* What is required: Range to copy from the entries below: the line containing "Broccoli Cheddar Soup Panera" through the line containing "CopyCat Panera recipe", inclusive. Retype only those lines, exactly, without any images.

* Material for this task:
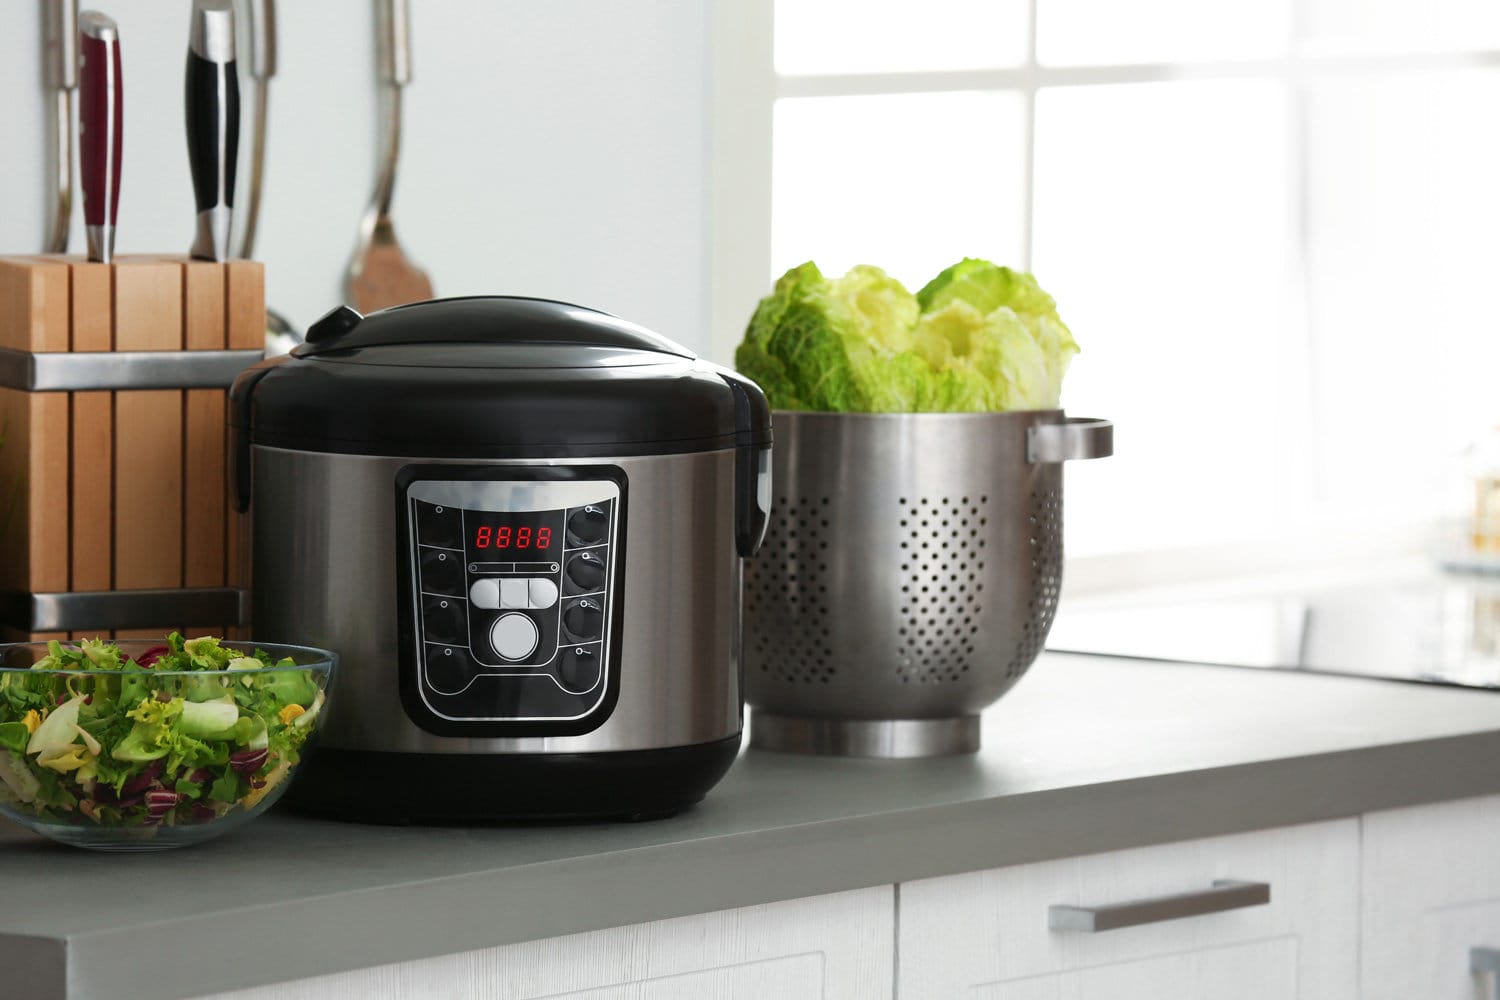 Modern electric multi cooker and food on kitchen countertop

...

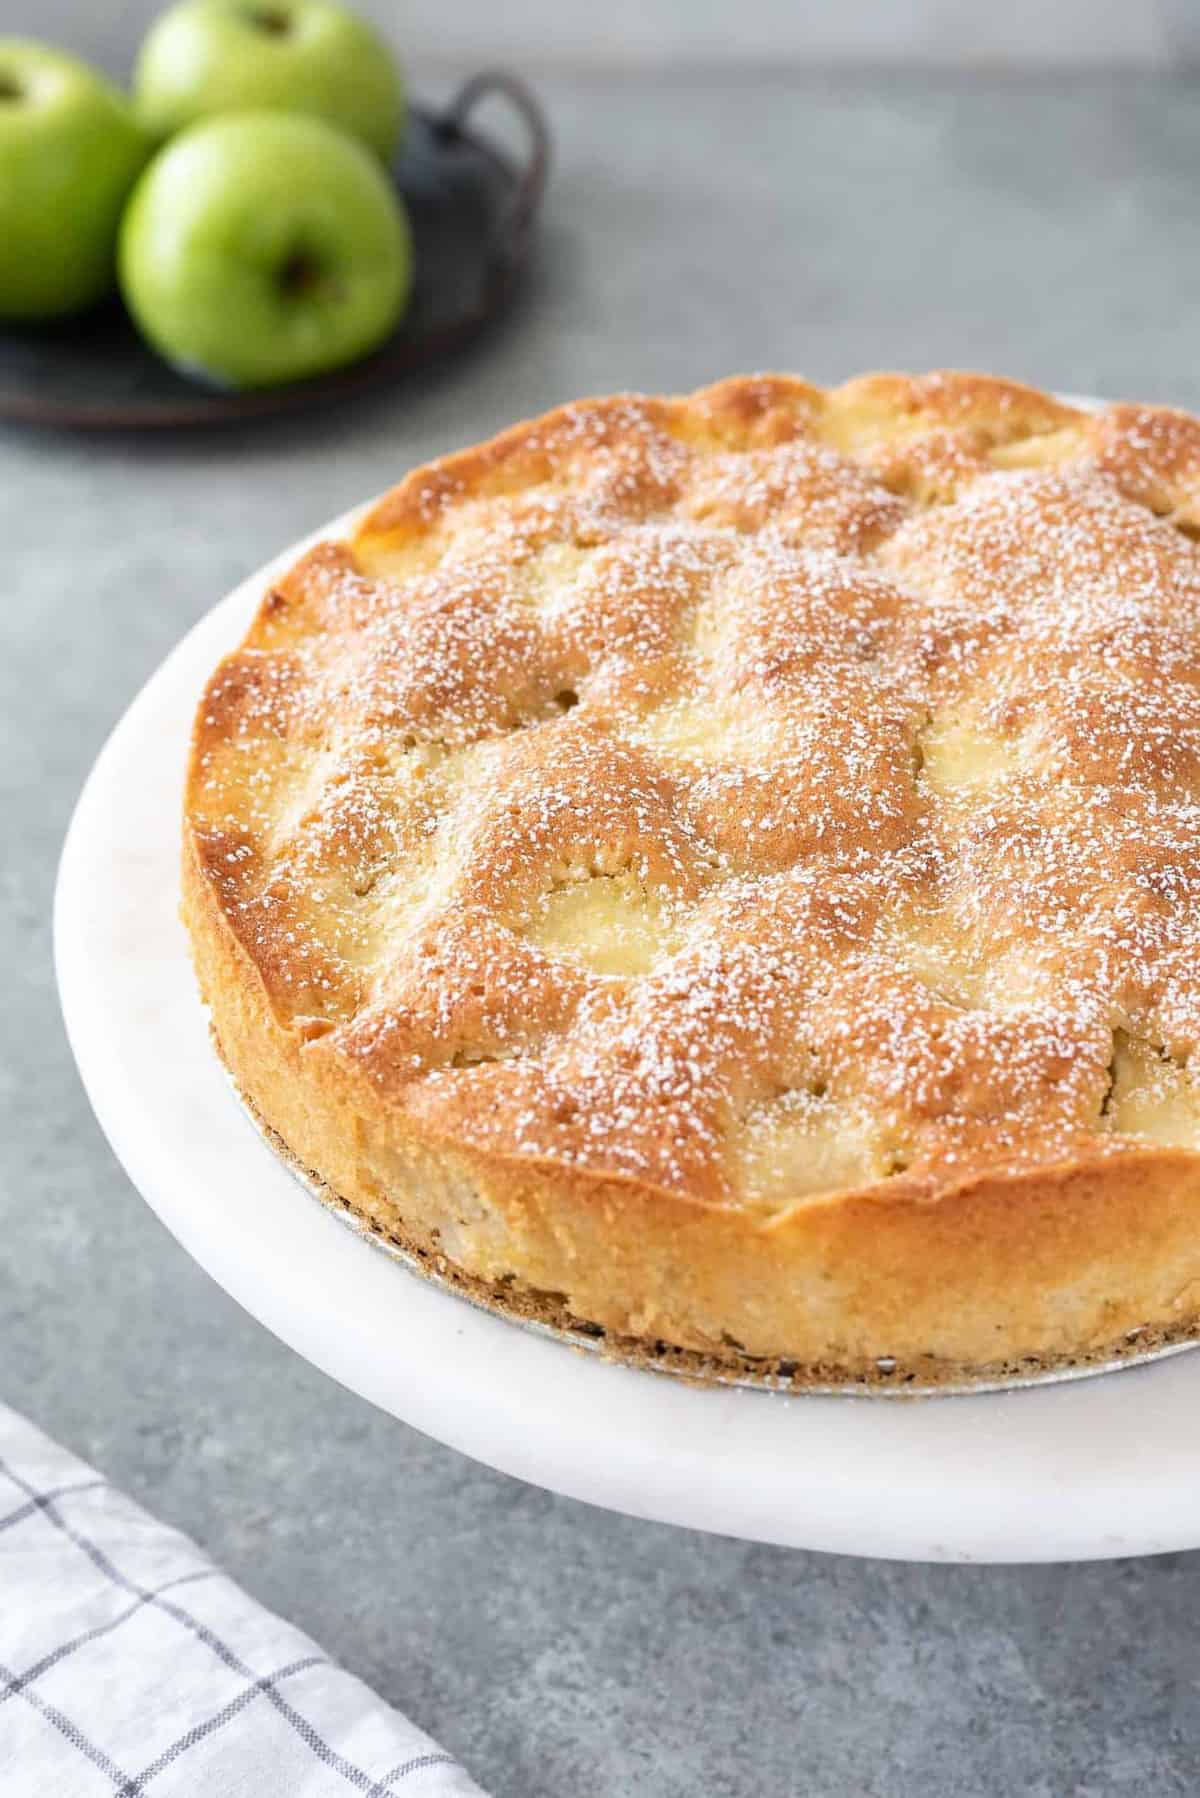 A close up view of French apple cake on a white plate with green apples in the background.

---

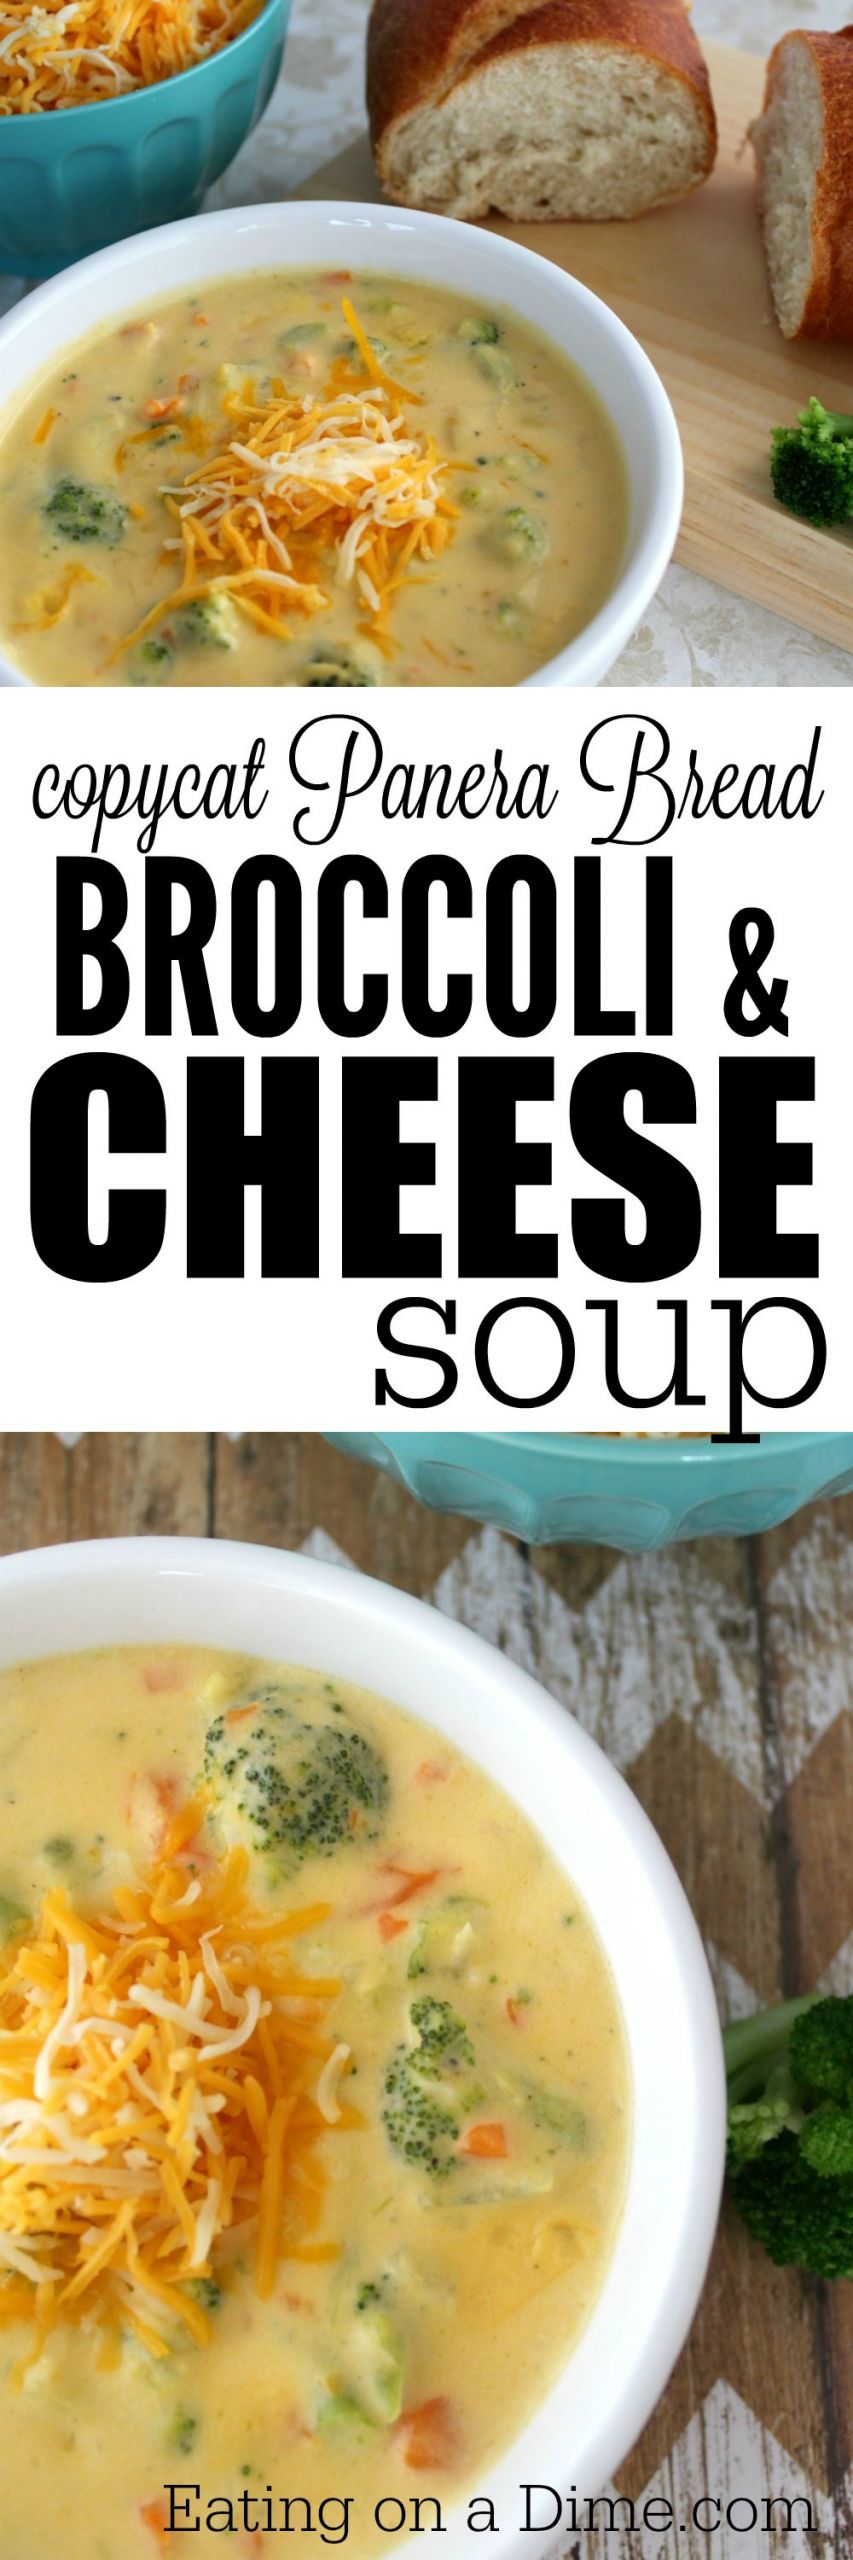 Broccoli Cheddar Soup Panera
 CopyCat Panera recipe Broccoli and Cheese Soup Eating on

* Solution:
 Broccoli Cheddar Soup Panera
 CopyCat Panera recipe Broccoli and Cheese Soup Eating on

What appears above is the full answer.